While the normal user experience process is based on empathy for users, working on a mental health based project only increased the amount of care and attention that needs to be brought to understanding the struggles and pain points commonly faced by students. During this project, I learned how there will always be several answers to a problem, and that part of my job as a user experience designer is to think through and test specific solutions to help me make informed decisions about what is the best solution.

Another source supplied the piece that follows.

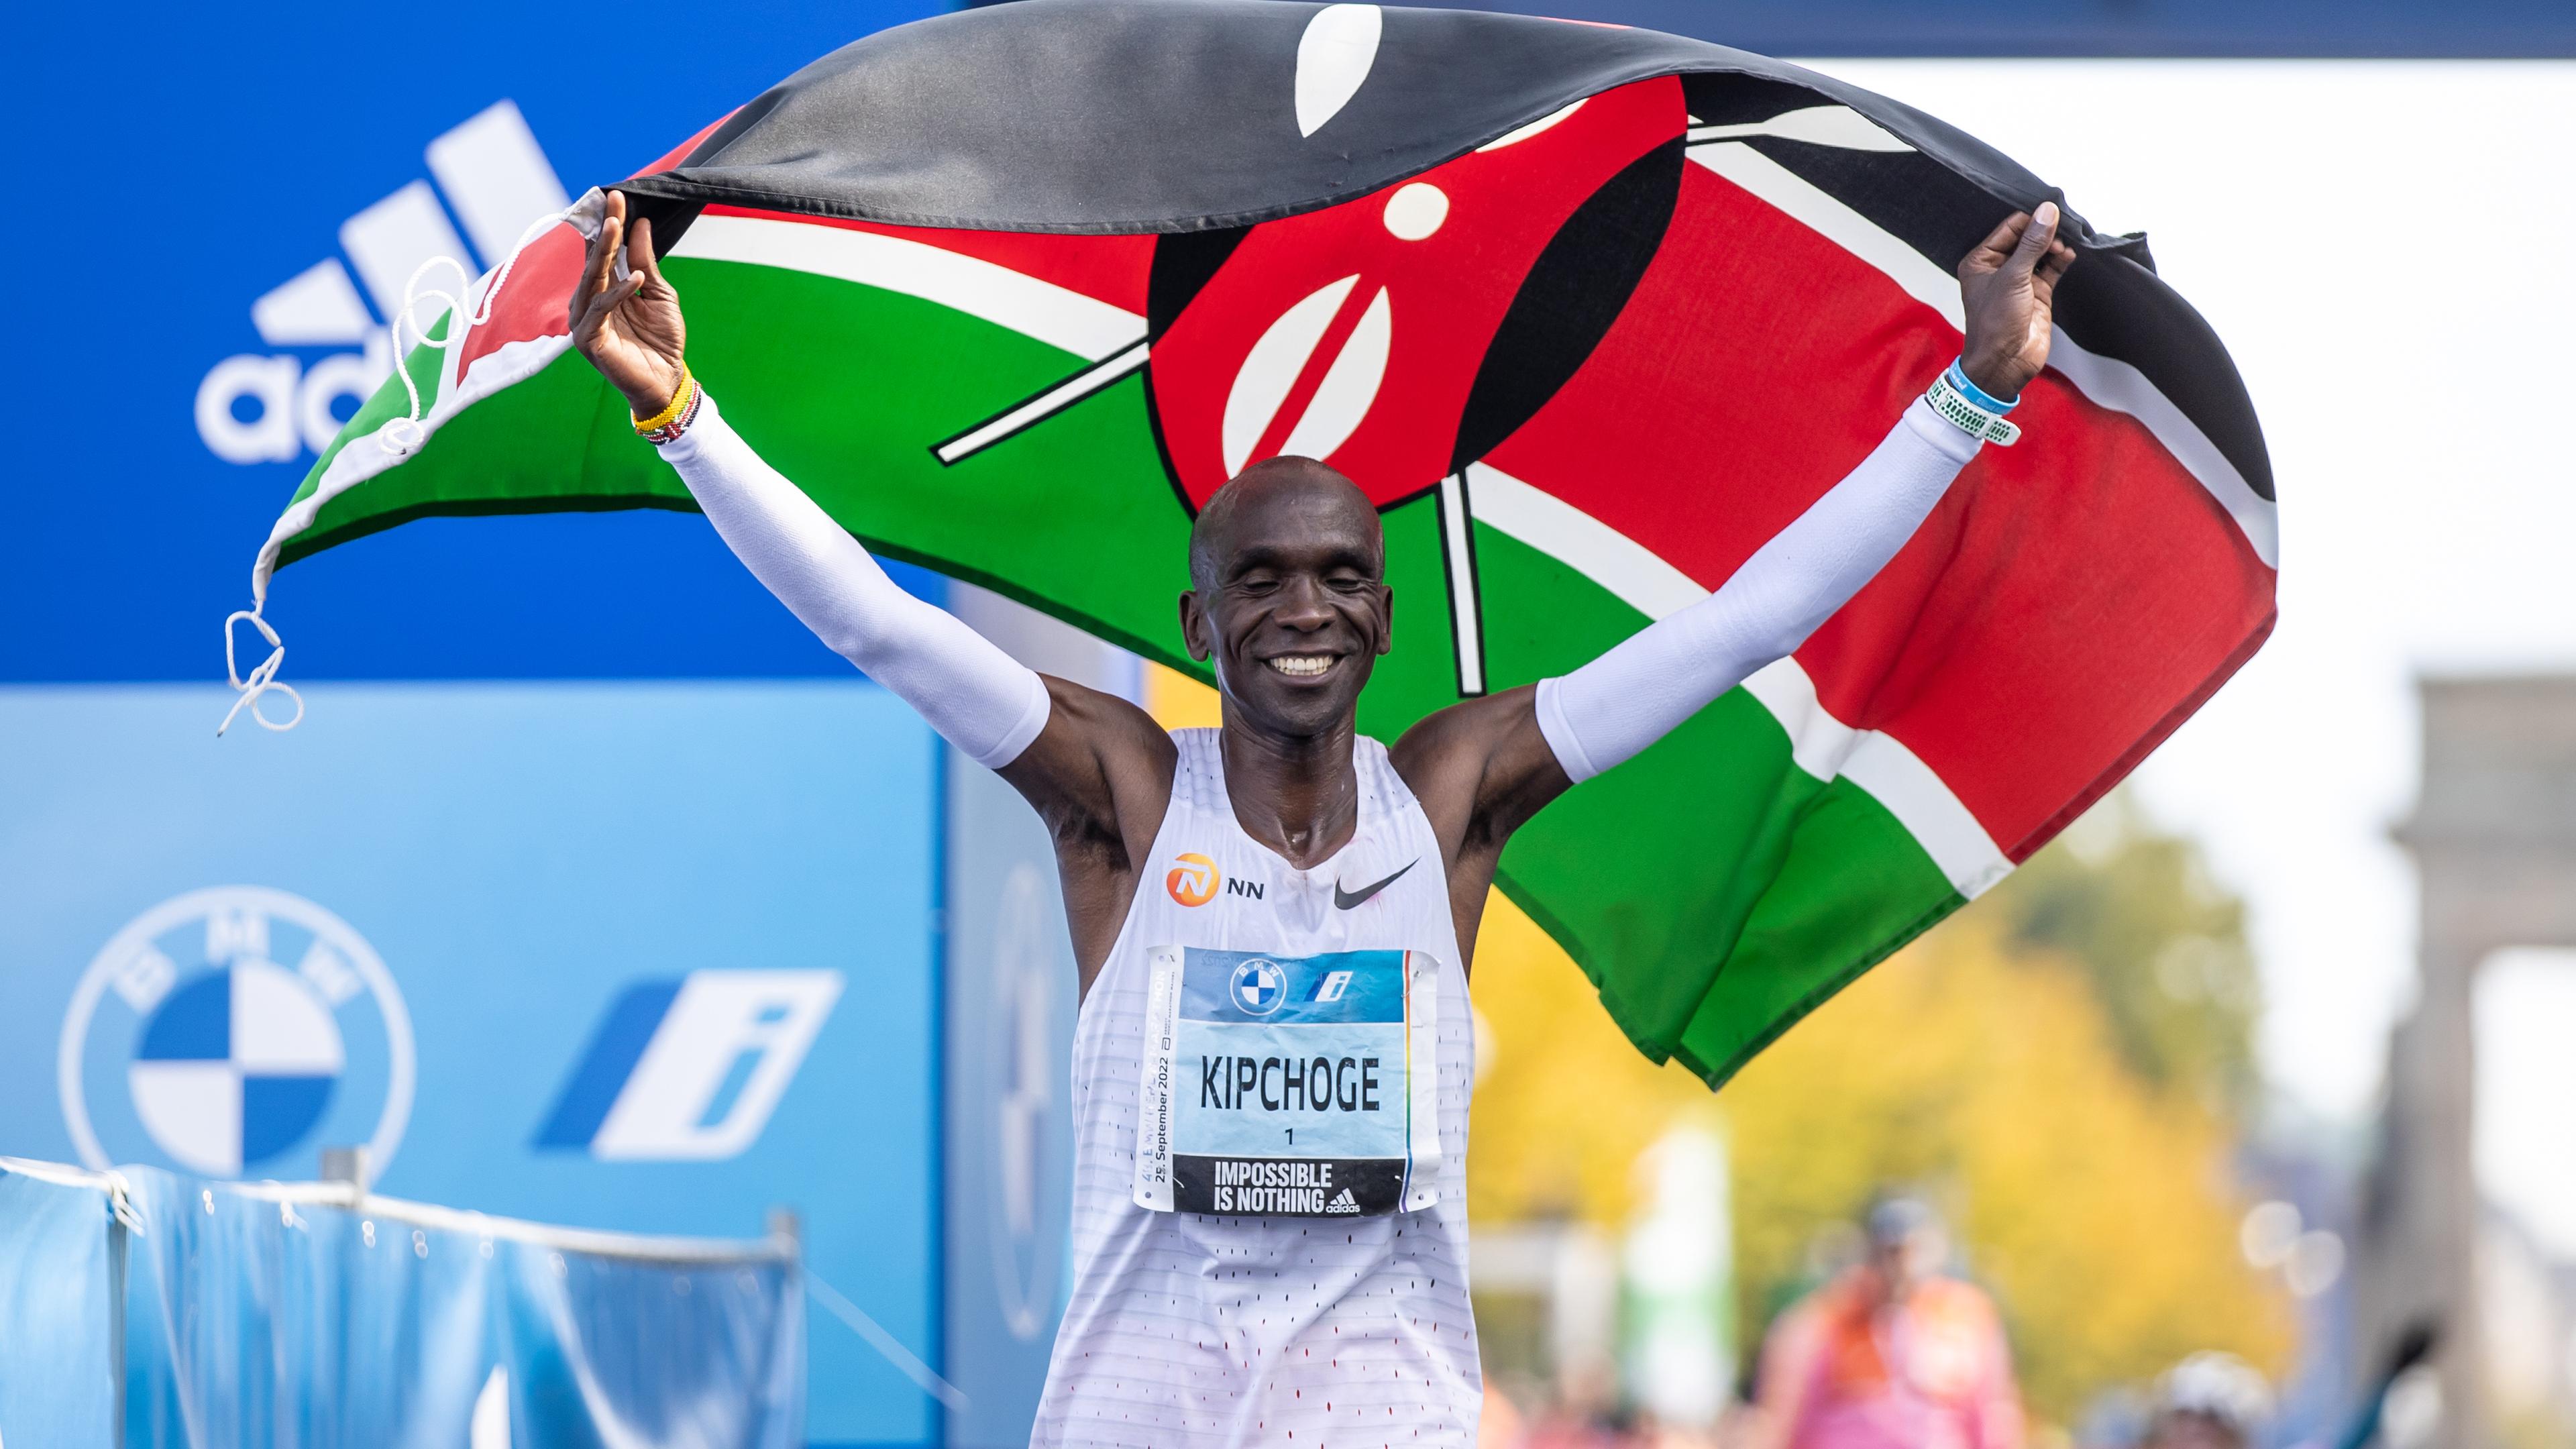 Eliud Kipchoge du Kenya célèbre après avoir franchi en premier la ligne d'arrivée du BMW Marathon de Berlin en 2:01:09 heures, améliorant ainsi son record du monde.

Since this project was completed in about 2 weeks I also ran into a lot of time constraints. There were several times where I wanted to spend more time on a subset of research, or visual element, but knew that I needed to continue to move forward on the project. There were also times where I invested a large amount of time into less than crucial elements of the app. In the future, I will want to keep working on my ability to successfully prioritize what I spend time on so that I do not fall behind in my process, while at the same time continuing to keep a balance of allowing creativity in its unpredictable nature to occur.

Next Steps

Complete more user testing

While I was able to conduct usability testing and get feedback on the overall function, I would like to do in-depth testing and validate the app’s ability to reduce stigma, provide support, and increase mindfulness.

Explore other aspects of mental health

Mental health and improving it is no short of complex. Medically it is still widely unknown why certain people experience things like anxiety and depression and why others don’t. To truly build Oasis it would be crucial to attempt to gather a wider perspective.